Exercise instructions
Down to the last line, set down the material below exactly, excluding pictures.

Data below
*** Begin section ***

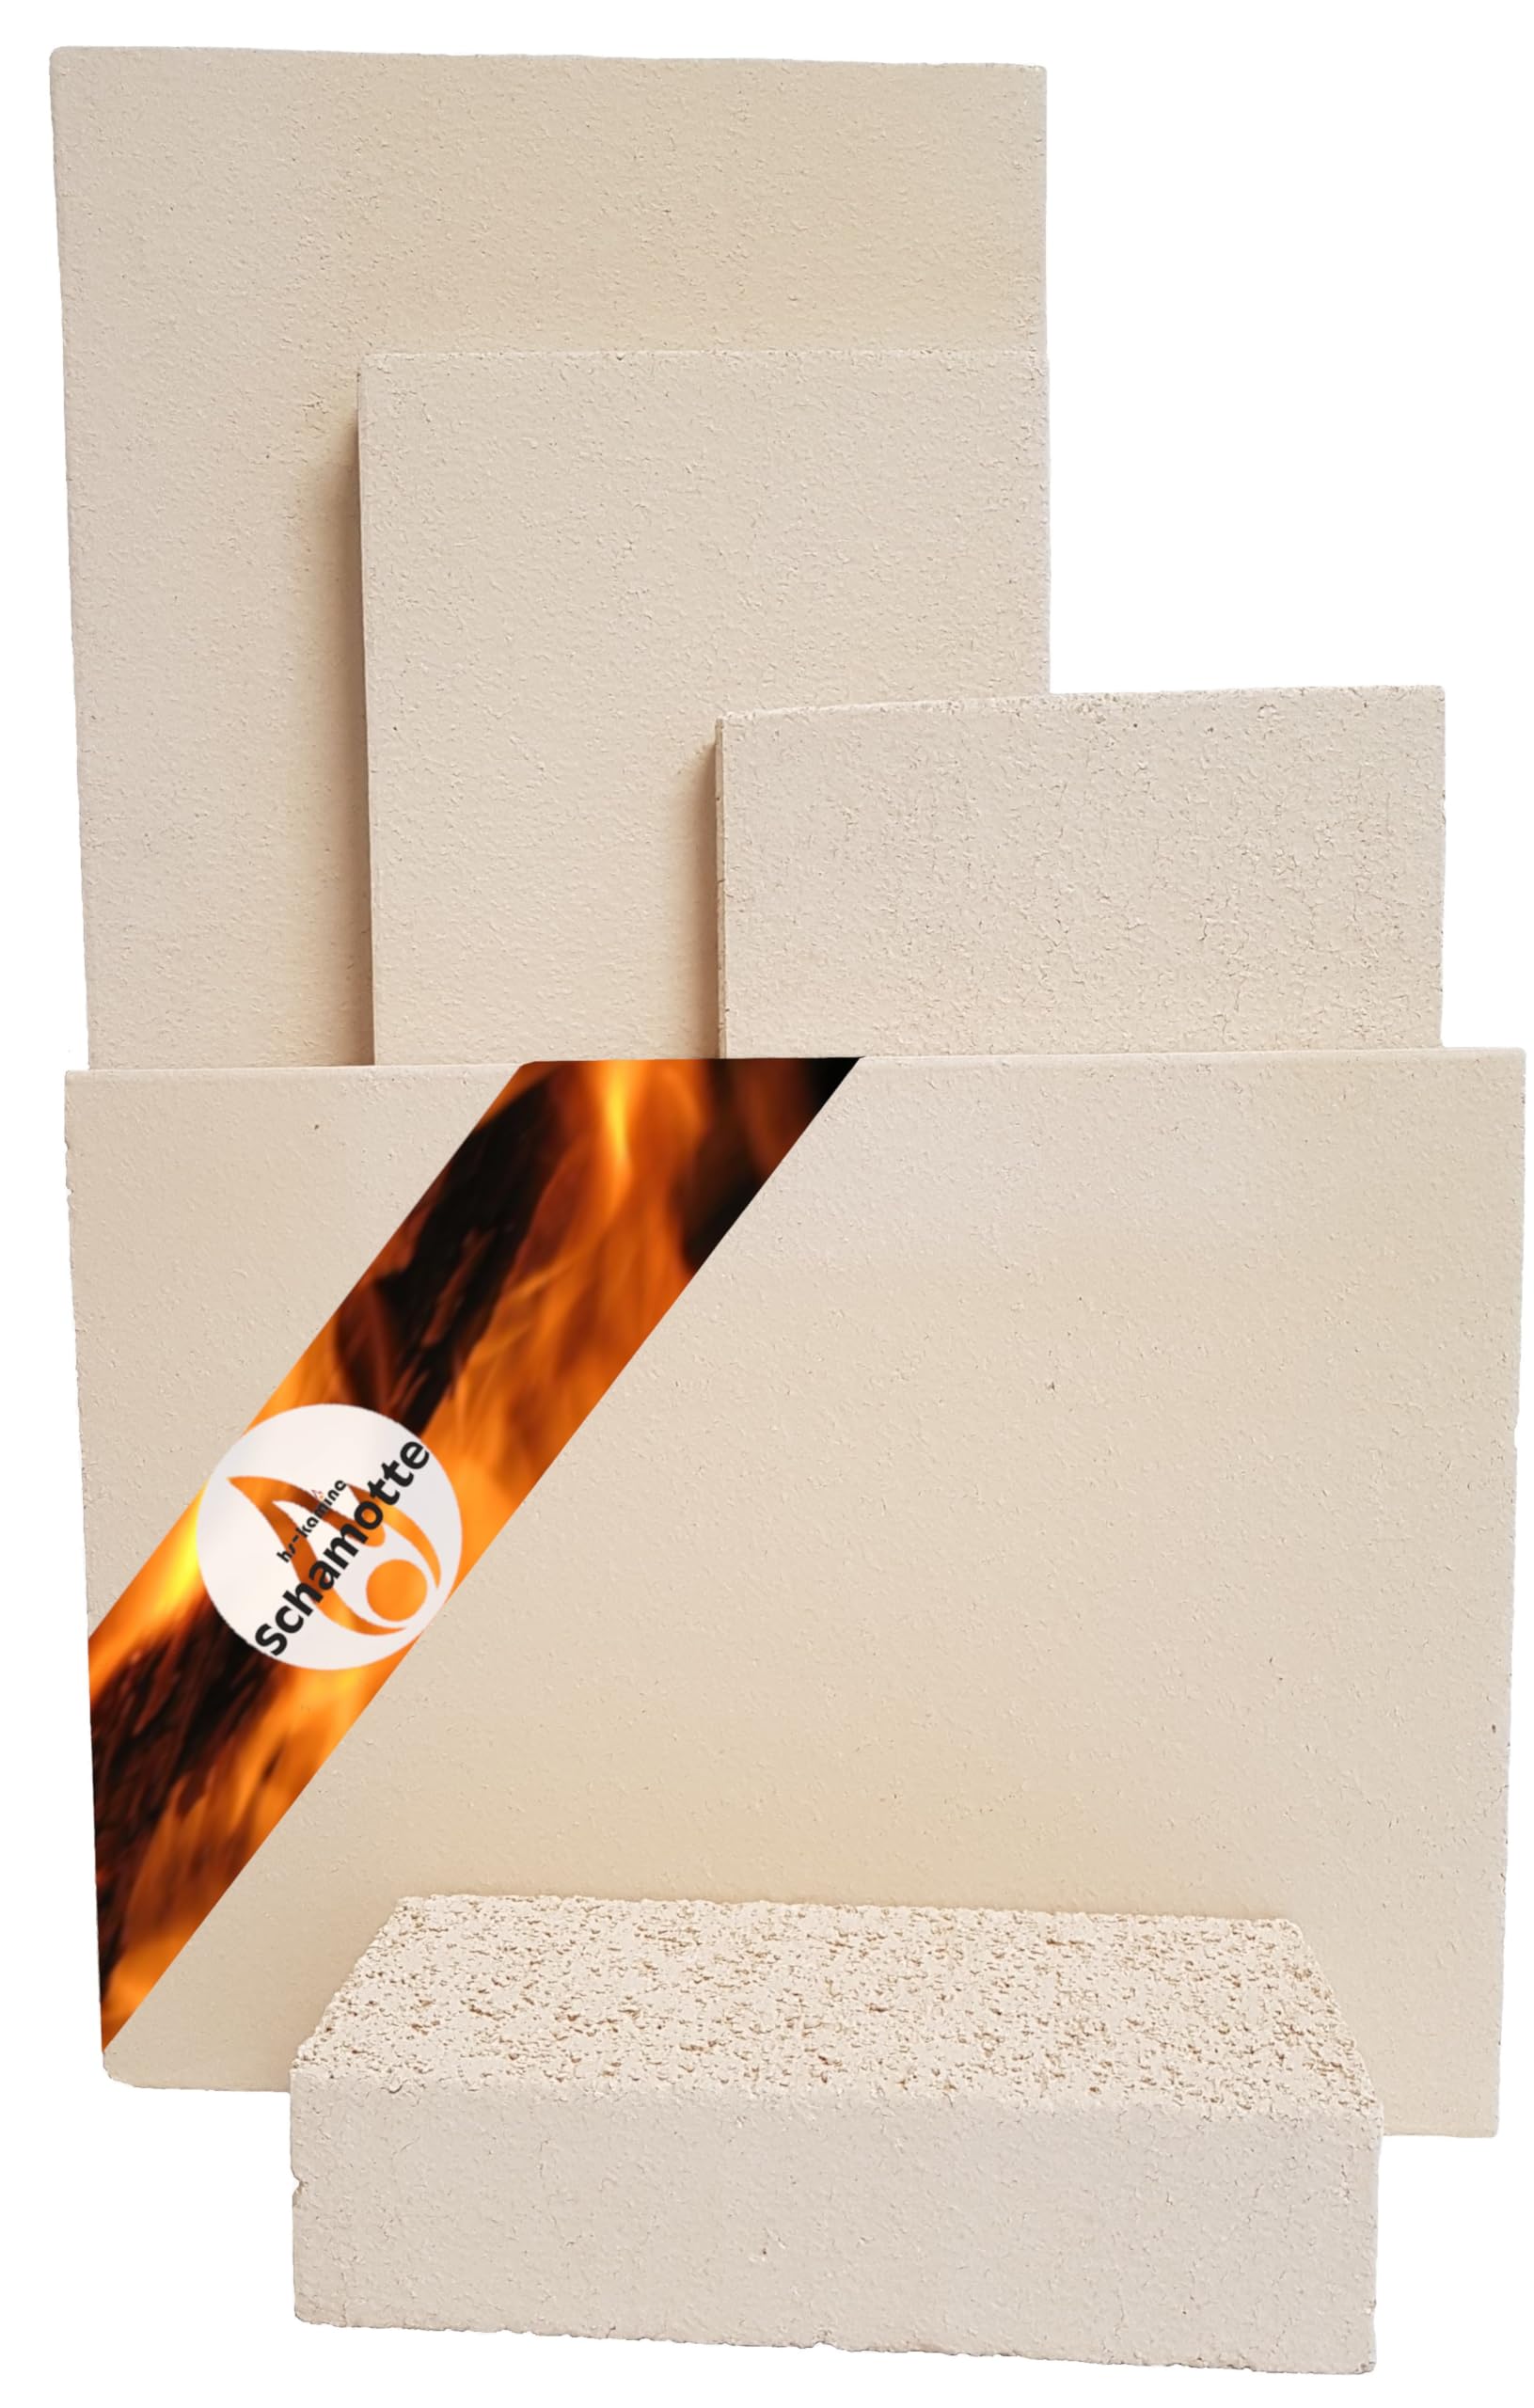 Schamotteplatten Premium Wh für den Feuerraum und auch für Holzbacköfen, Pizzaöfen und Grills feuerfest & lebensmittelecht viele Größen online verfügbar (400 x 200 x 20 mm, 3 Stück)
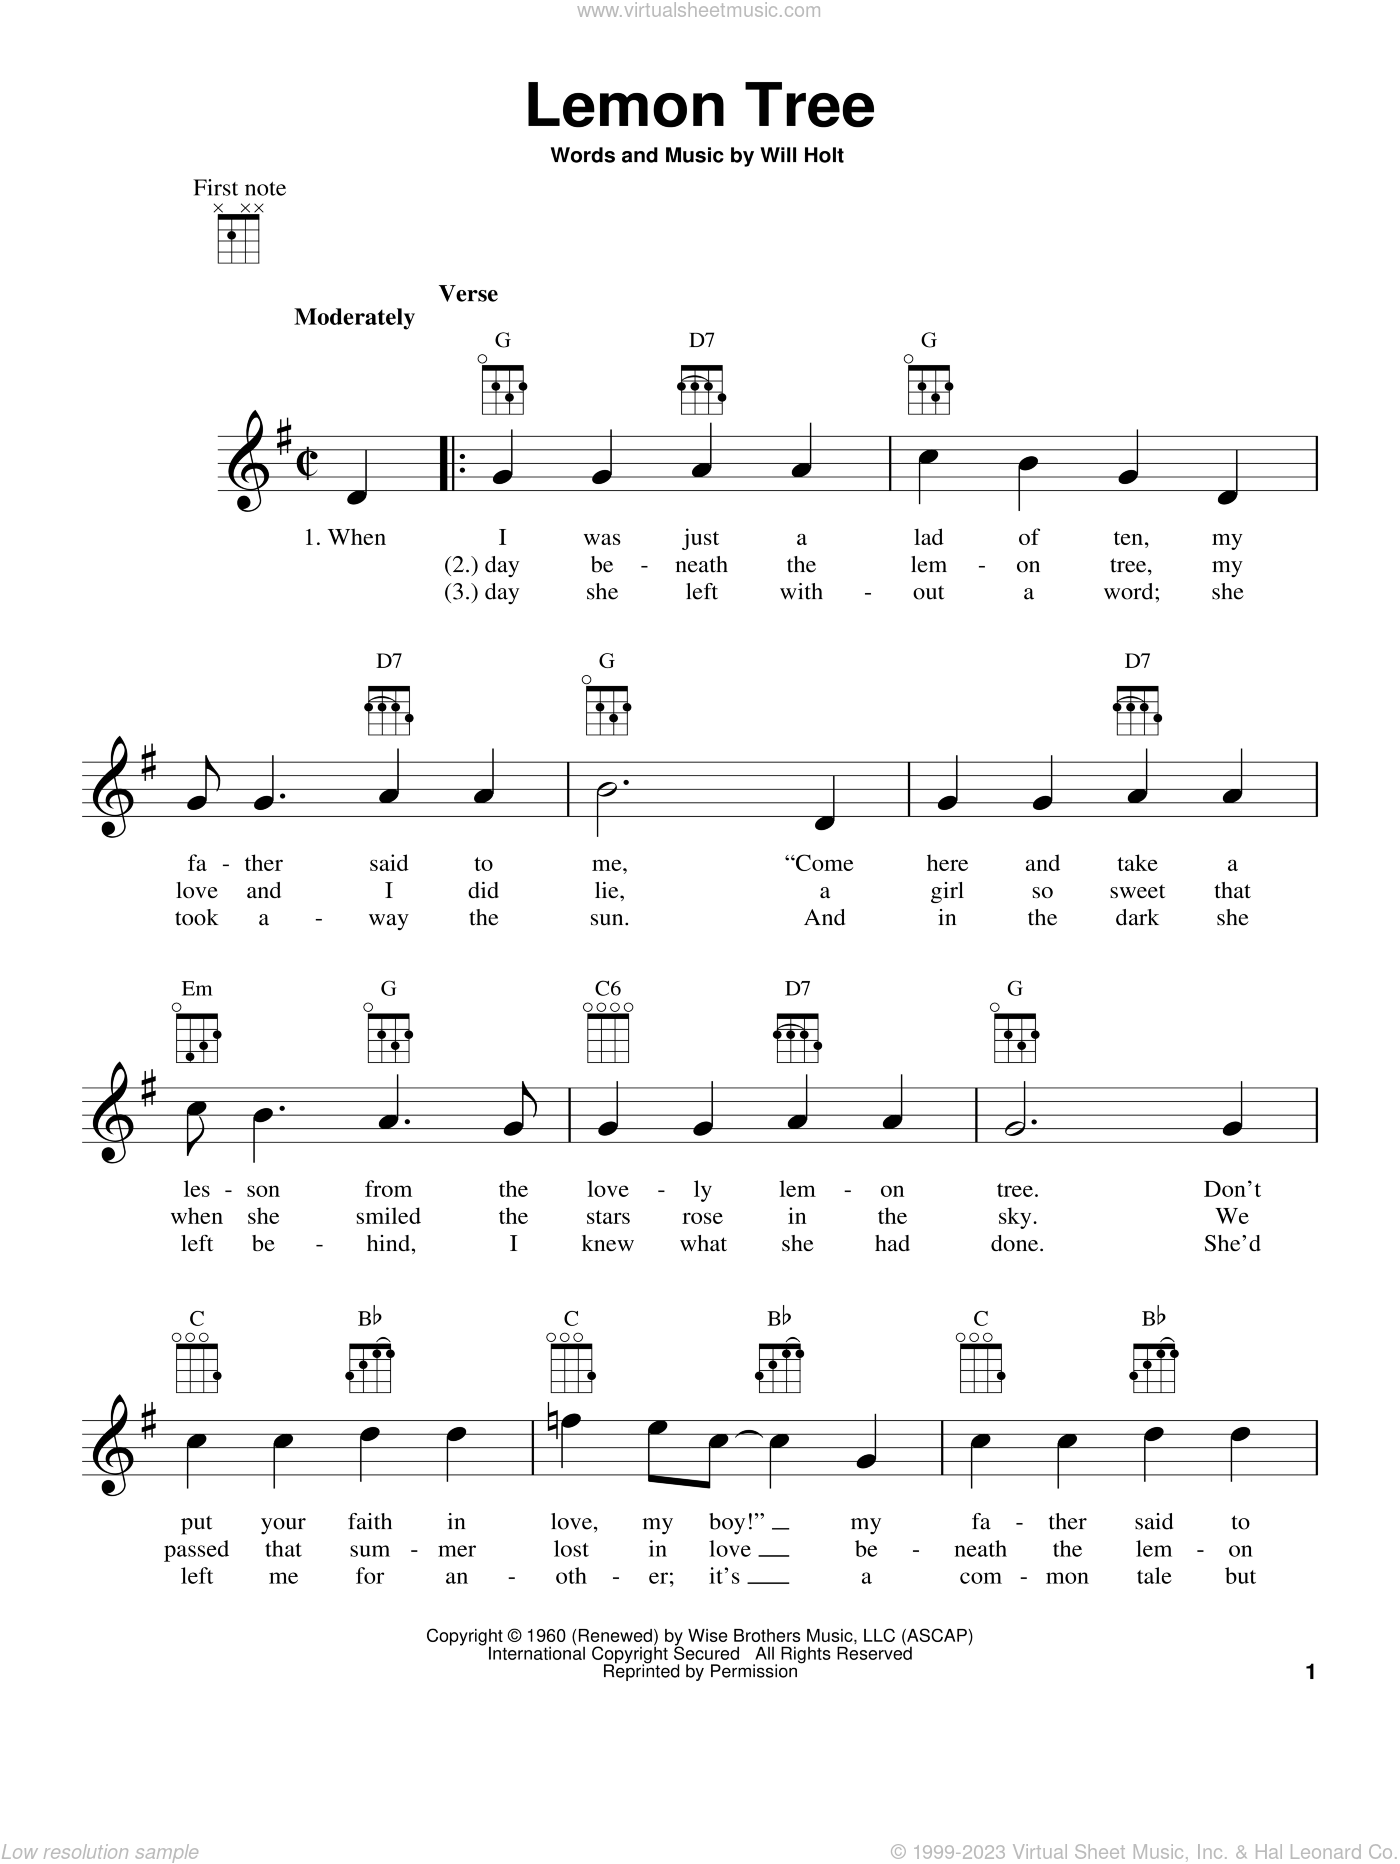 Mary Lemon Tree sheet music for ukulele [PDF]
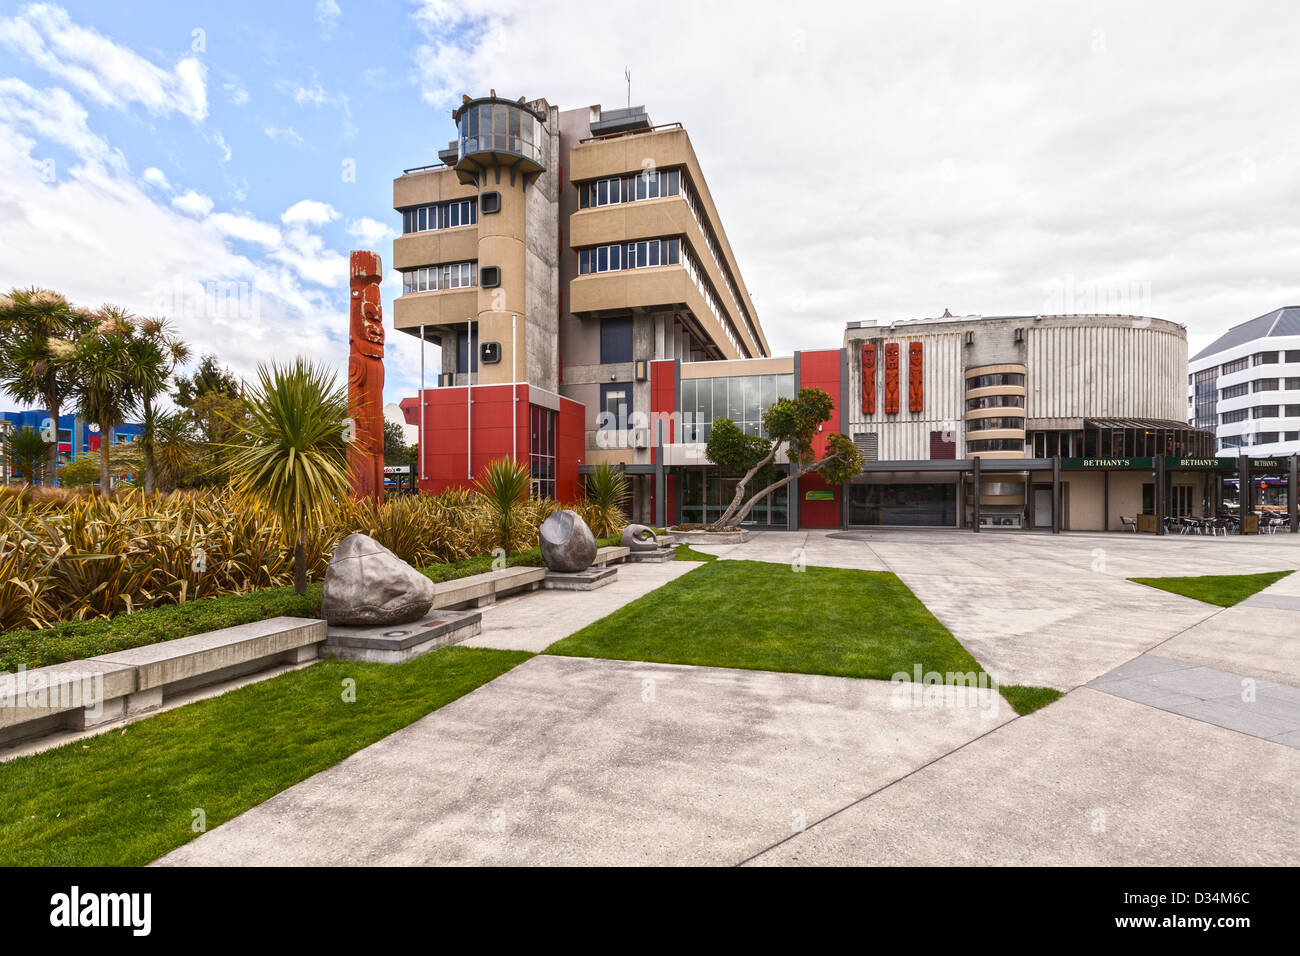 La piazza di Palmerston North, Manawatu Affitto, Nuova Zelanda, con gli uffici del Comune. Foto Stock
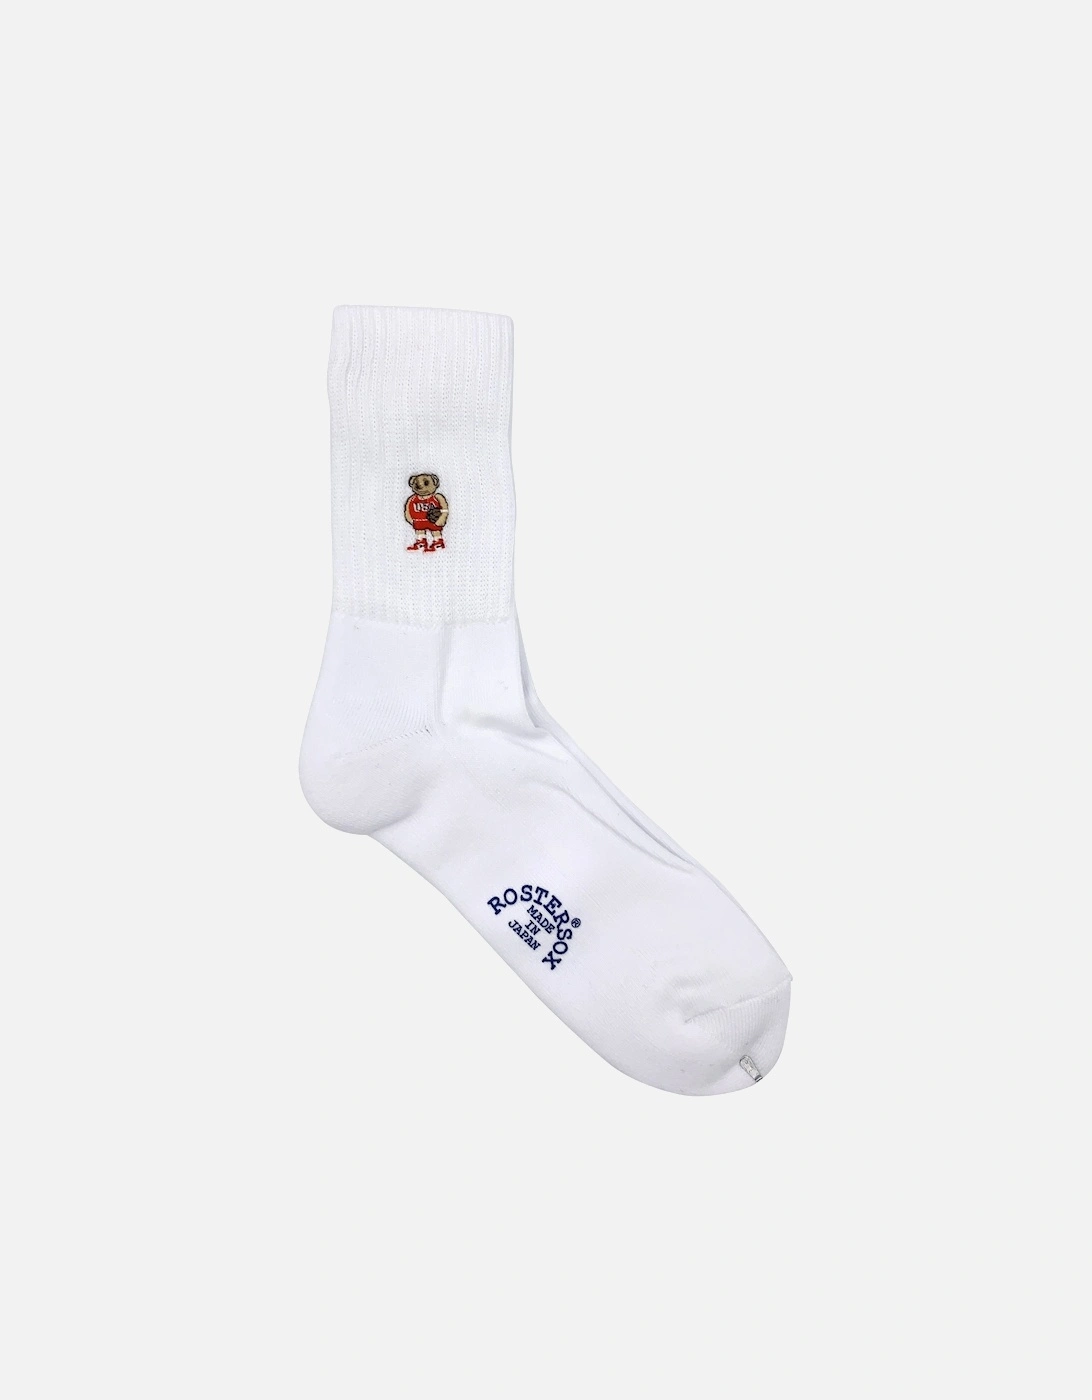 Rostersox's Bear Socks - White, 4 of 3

*** End section ***

Exercise solution
 Schamotteplatten Premium Wh für den Feuerraum und auch für Holzbacköfen, Pizzaöfen und Grills feuerfest & lebensmittelecht viele Größen online verfügbar (400 x 200 x 20 mm, 3 Stück)
 Mary Lemon Tree sheet music for ukulele [PDF]
 La piazza di Palmerston North, Manawatu Affitto, Nuova Zelanda, con gli uffici del Comune. Foto Stock
 Rostersox's Bear Socks - White, 4 of 3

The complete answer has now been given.